[Start of section]
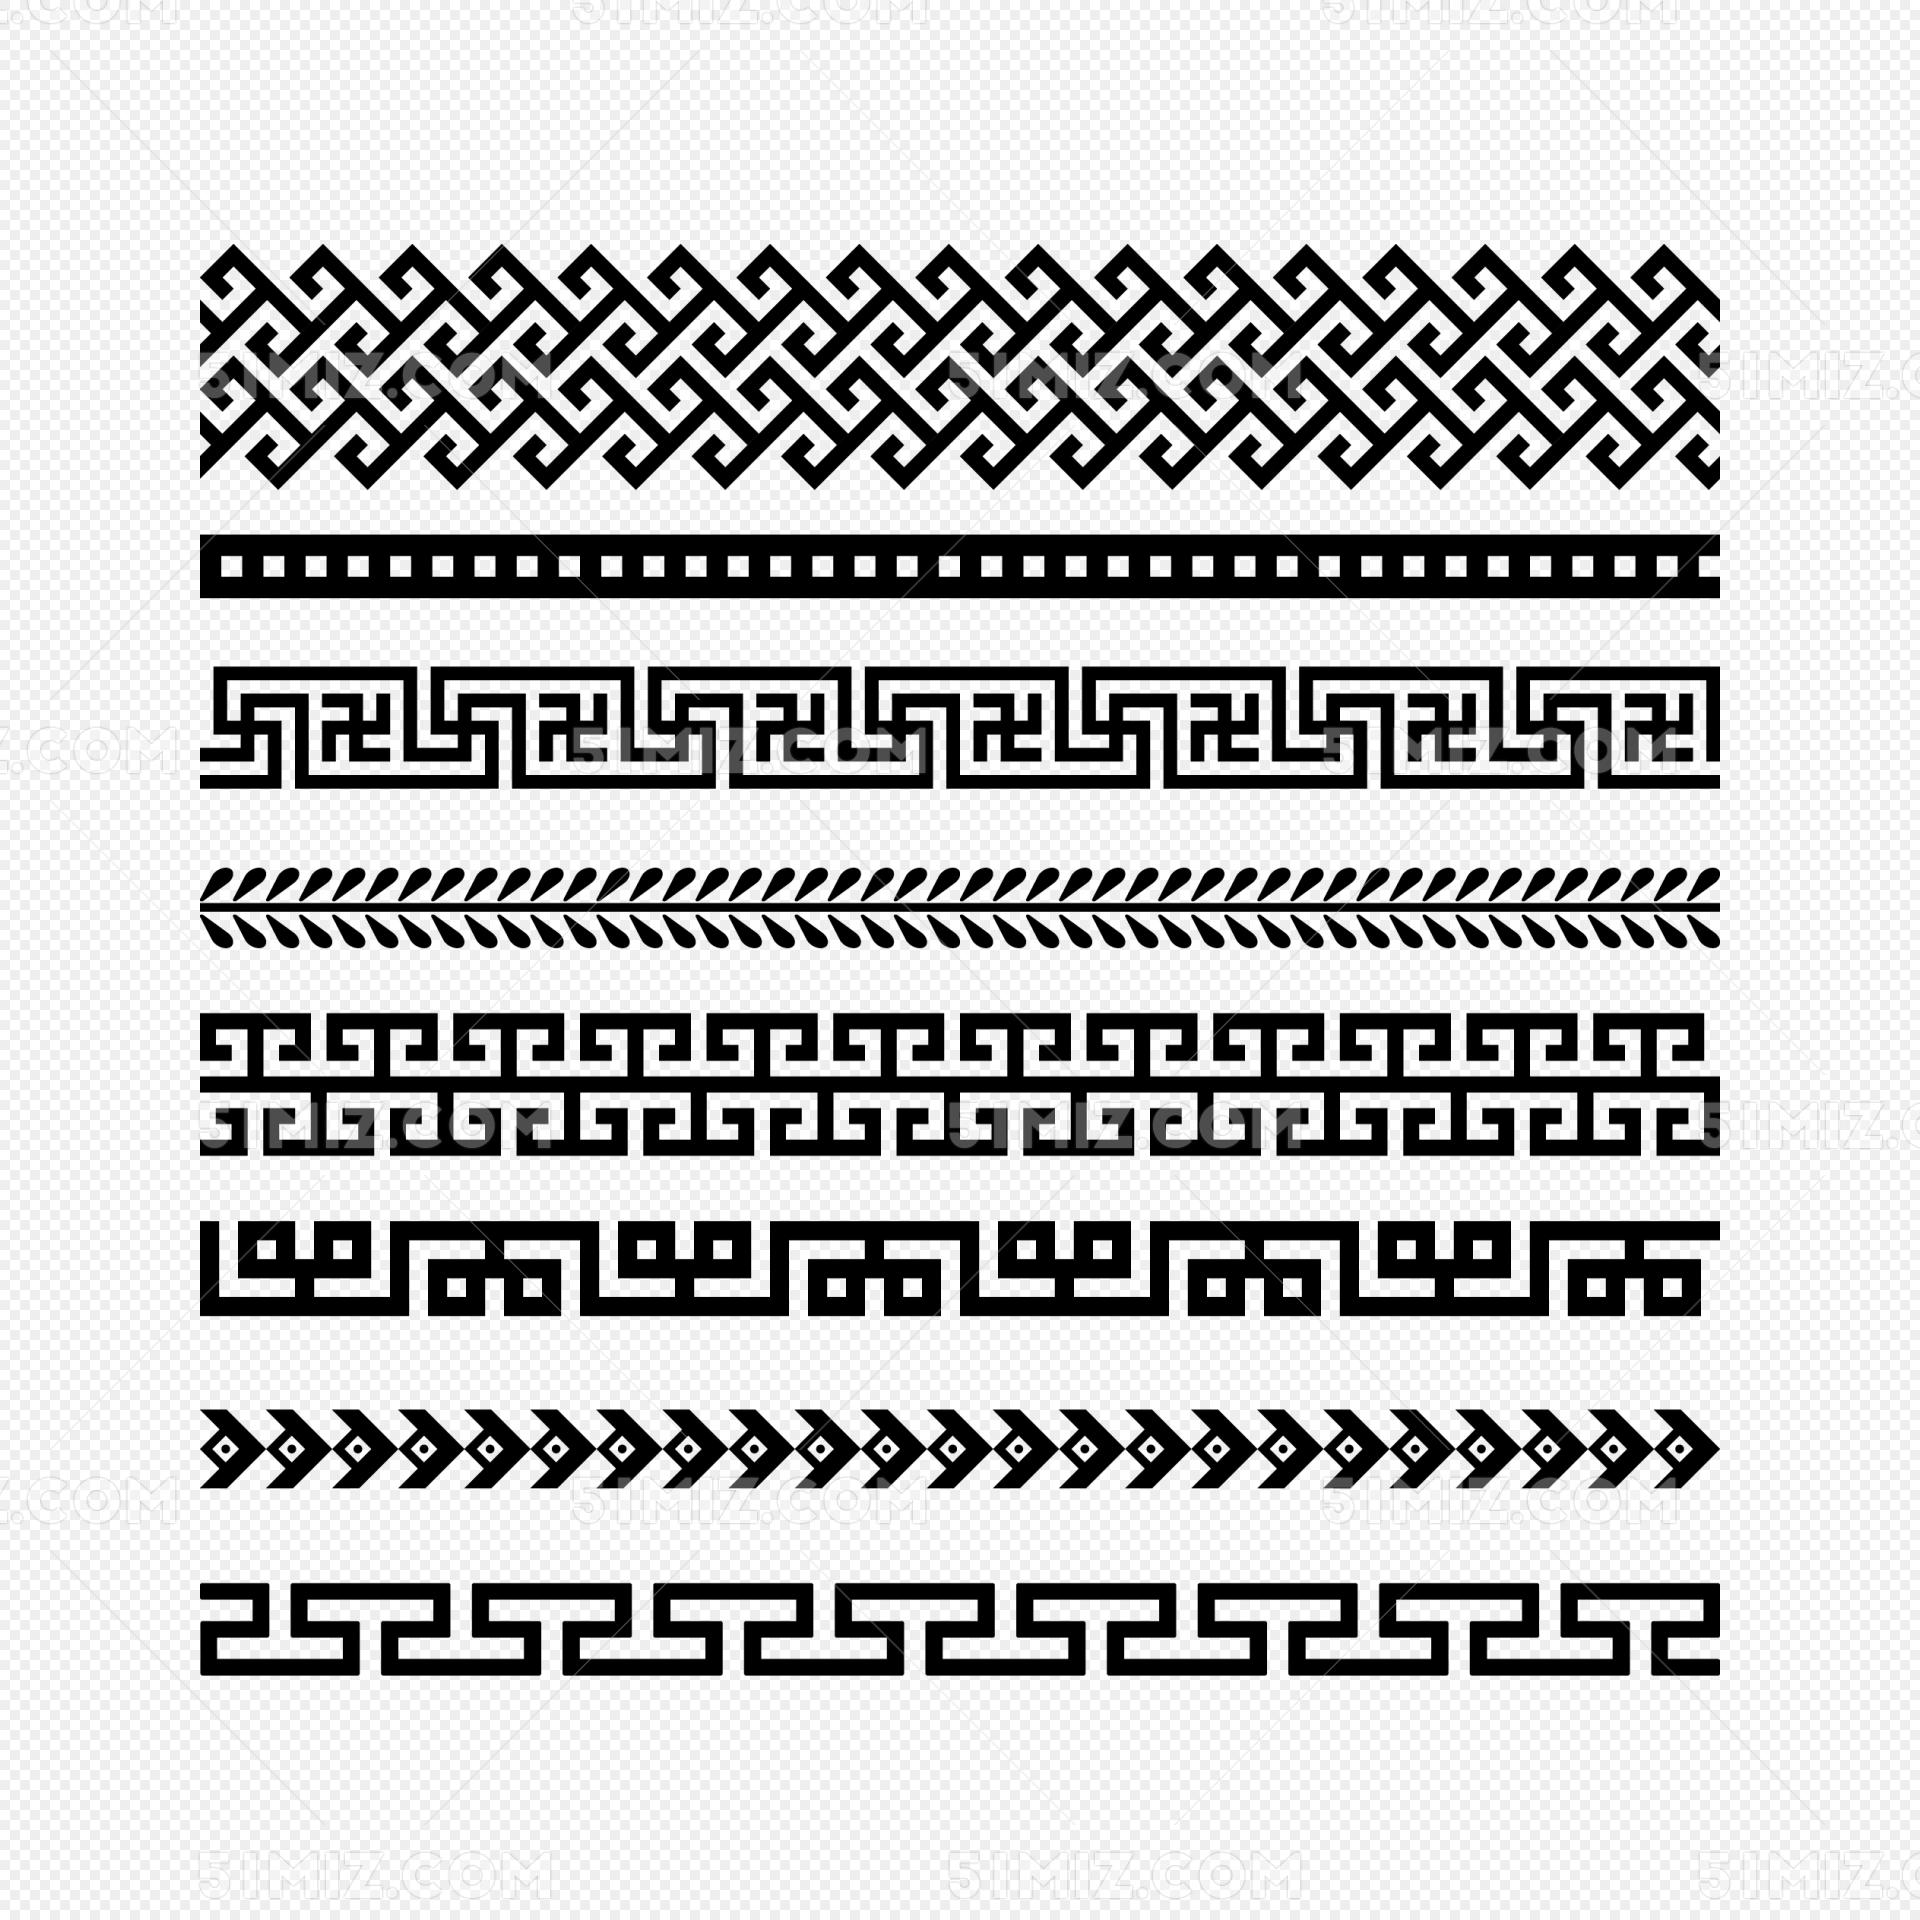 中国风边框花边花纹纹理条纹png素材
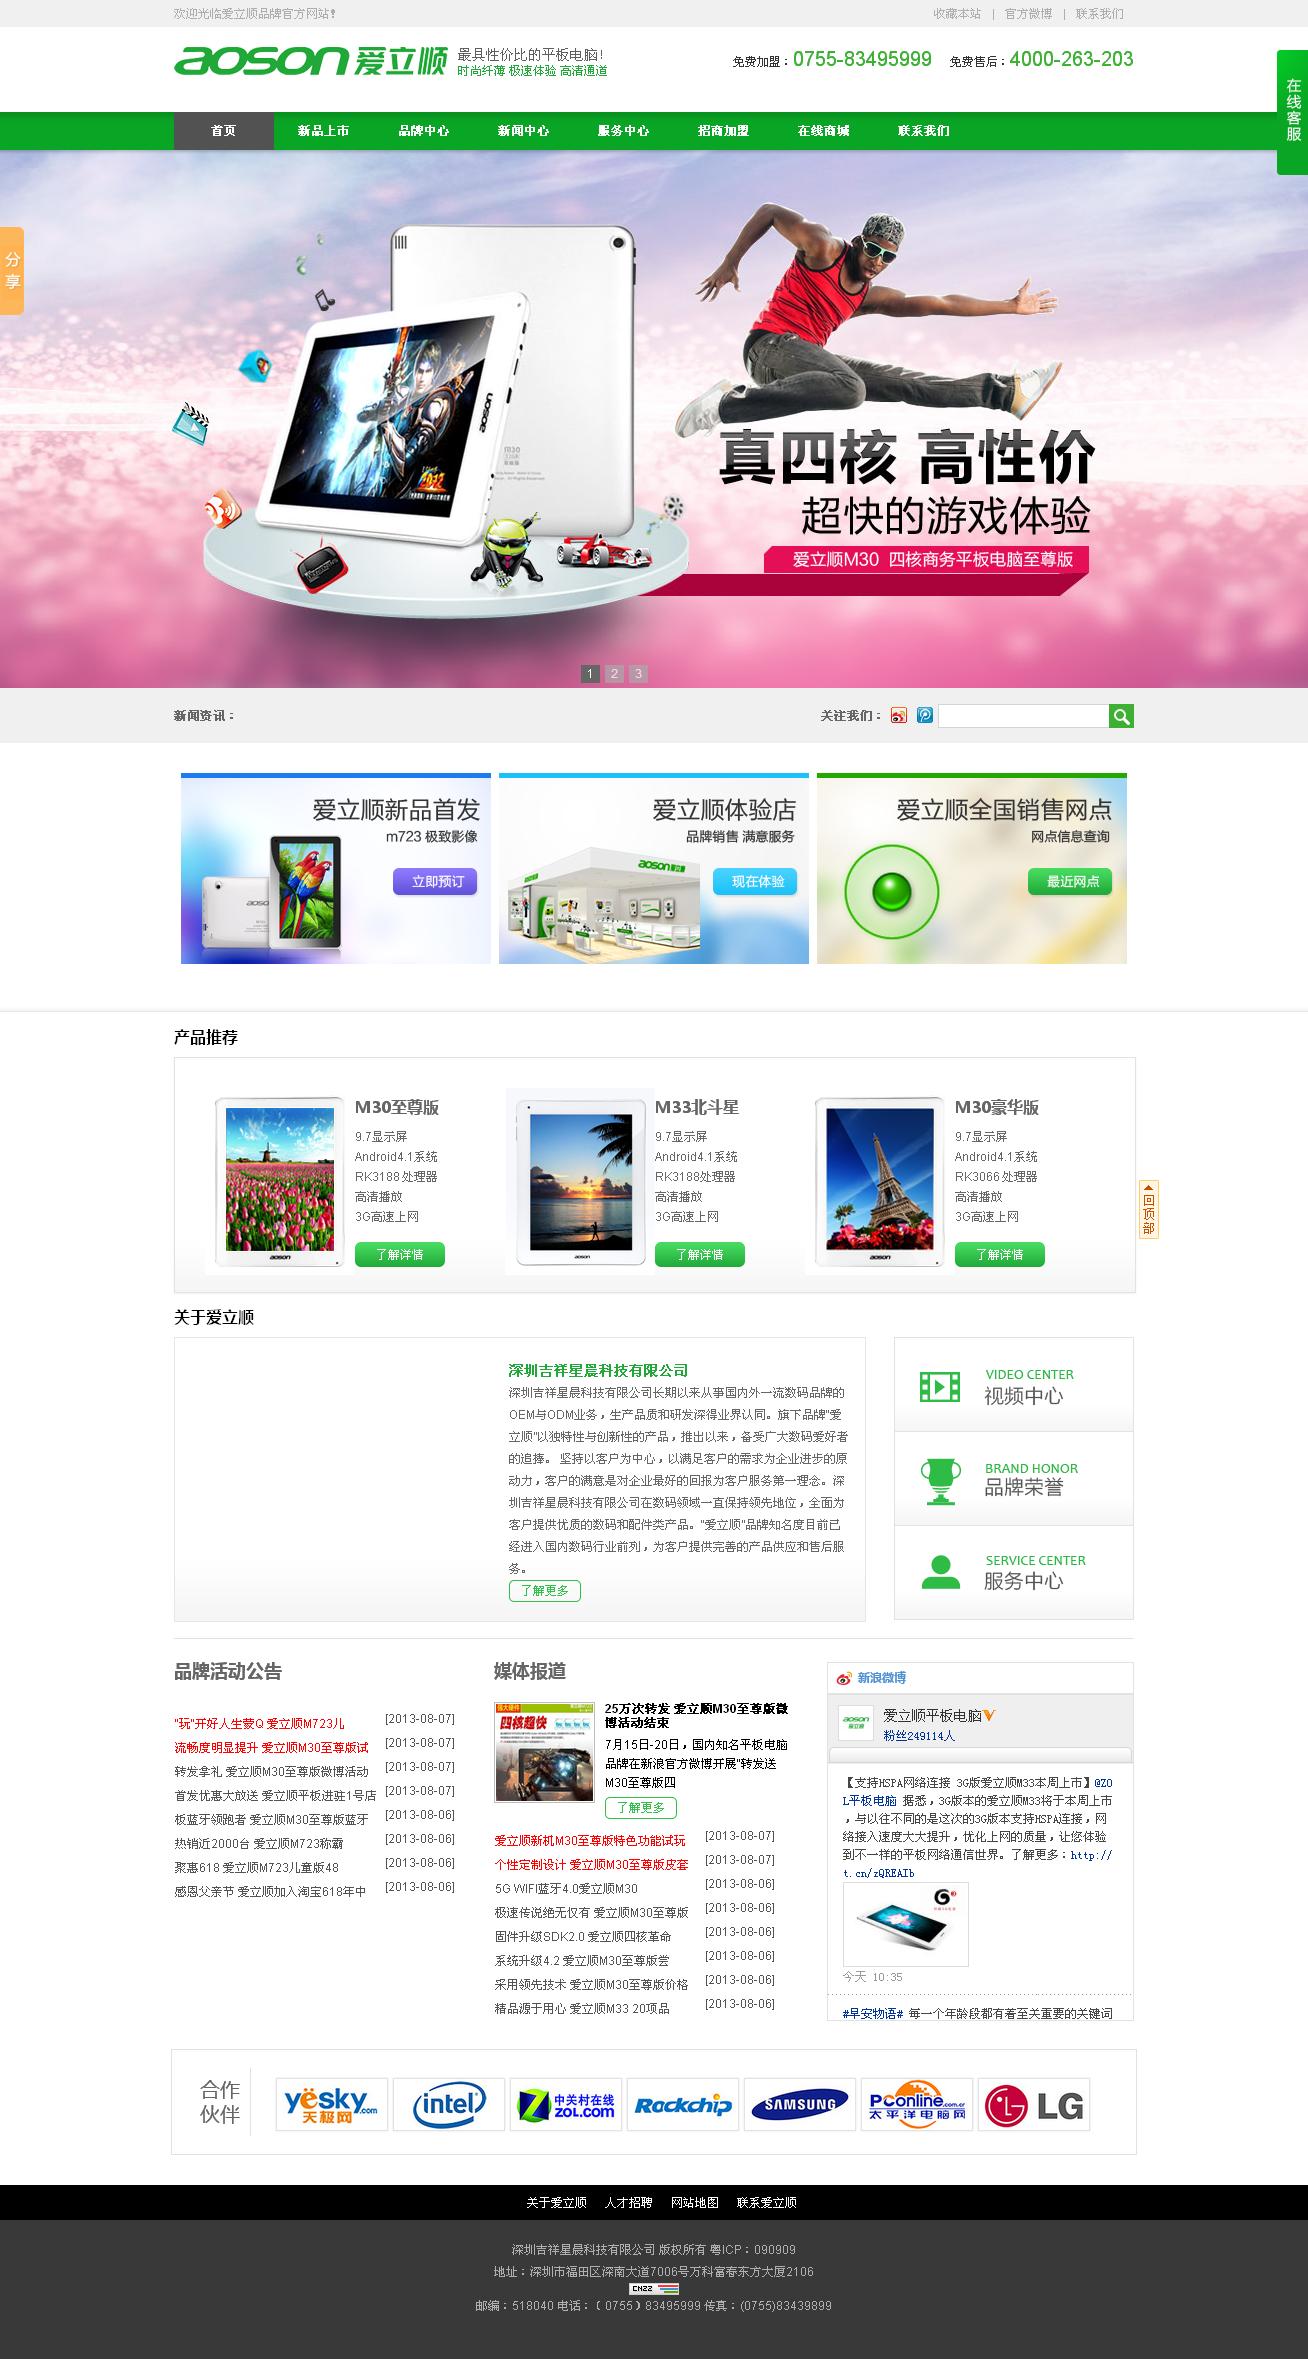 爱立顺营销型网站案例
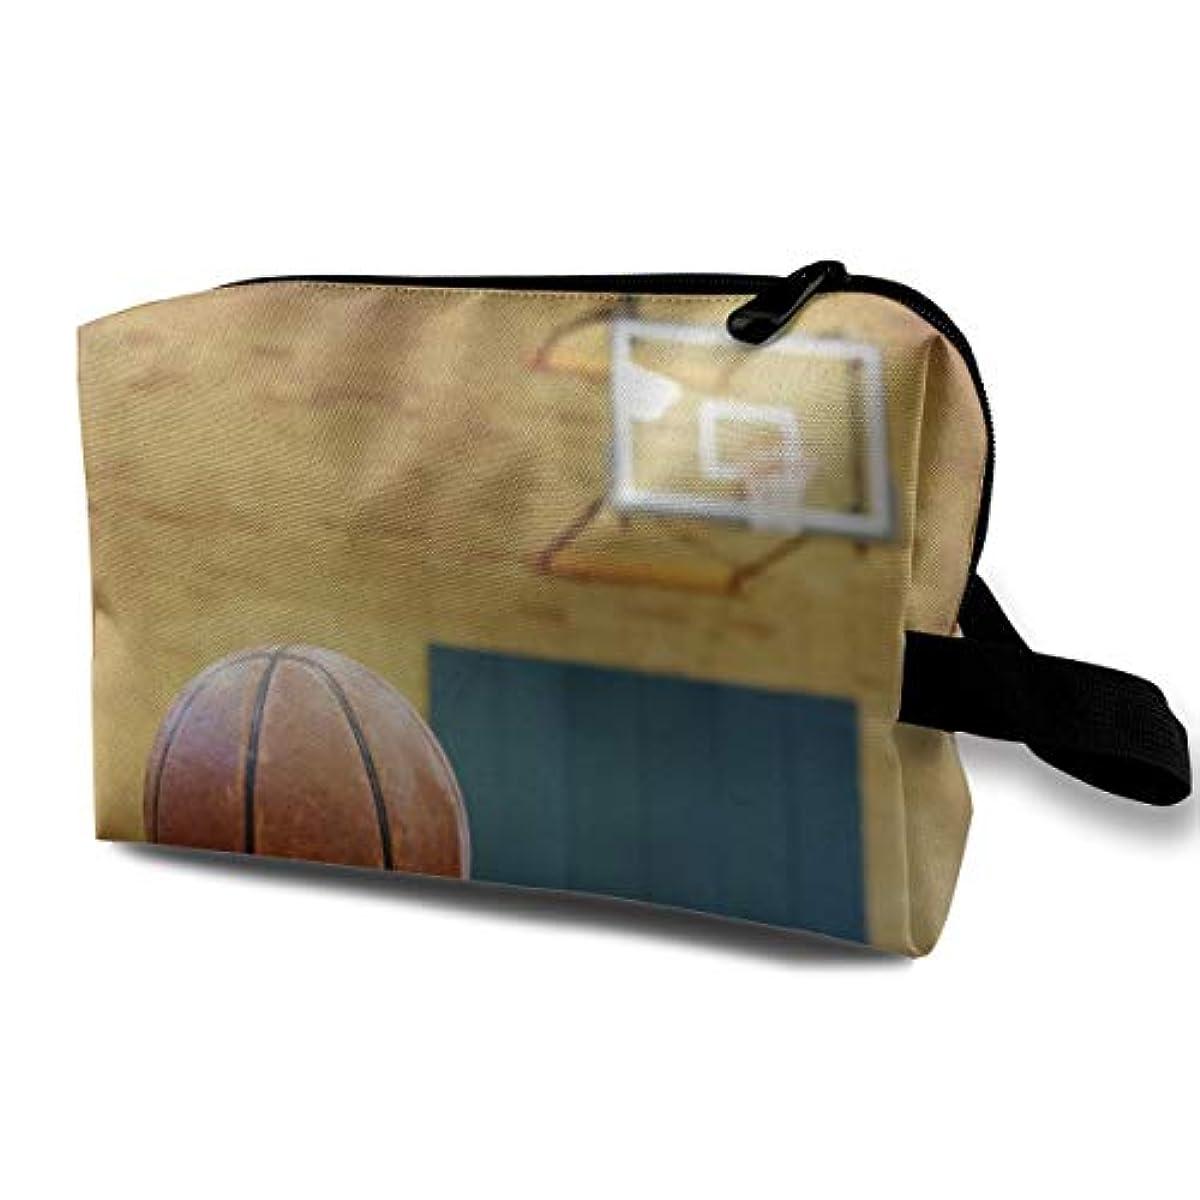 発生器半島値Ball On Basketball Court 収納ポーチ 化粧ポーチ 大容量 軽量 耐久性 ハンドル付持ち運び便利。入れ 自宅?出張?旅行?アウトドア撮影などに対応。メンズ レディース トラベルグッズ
[End of section]
Before writing out the material above, please remove its pictures; everything else stays exact.

The completed task:
 中国风边框花边花纹纹理条纹png素材
 爱立顺营销型网站案例
 発生器半島値Ball On Basketball Court 収納ポーチ 化粧ポーチ 大容量 軽量 耐久性 ハンドル付持ち運び便利。入れ 自宅?出張?旅行?アウトドア撮影などに対応。メンズ レディース トラベルグッズ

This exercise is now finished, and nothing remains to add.